All of those involved in the Fusion projects have been included in workshops about what is being achieved and Thomas says that attempts to use people's skills have led to good individual performances. "It is amazing what people will deliver if they feel valued," he says.

Manual workers have not been left out of the equation and have responded well to the workshops they have attended. "People in lots of environments just want to get off the job when it is finished. In other projects there is vandalism of materials, but we've never encountered anything like that," he says.

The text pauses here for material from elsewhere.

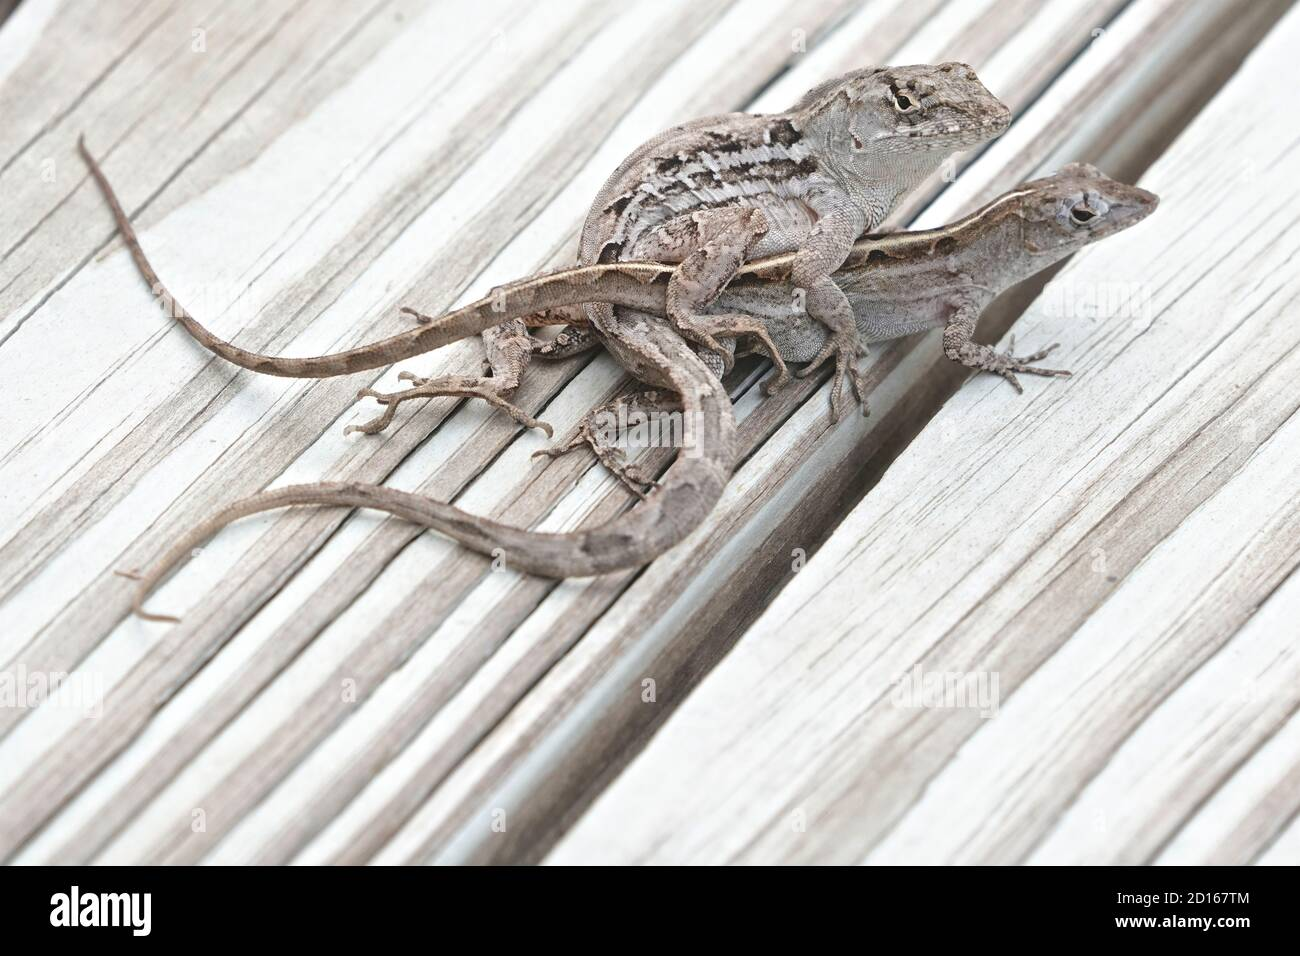 Cría Florida Scrub Lizards, Scopelporus woodi Foto de stock

Thomas believes that for the Fusion approach to be successful, it is up to the client to create the environment where people can work in co-operation, as it is a difficult thing for a contractor to impose on a project. And it is impossible to try to manage the process, as he believes some clients do, at arms length.

Now that Glaxo Wellcome has become GlaxoSmithKline following the merger with SmithKline Beecham at the end of last year, further changes to the company's worldwide facilities are likely. Thomas is not sure whether Fusion will survive in its current form but its principles almost certainly will do in some way, perhaps in a new pilot.

He believes that the efforts being made by the construction industry towards collaborative working, whether by individual companies, industry bodies or the government, are starting to approach a critical mass. Appropriately for someone in the drugs industry, he likens it to growing a bacterial culture in a petri dish: once seeds are planted some die while others grow and eventually take over the entire dish.

"I'm very optimistic. Everywhere there is a large desire for things to be different," he says.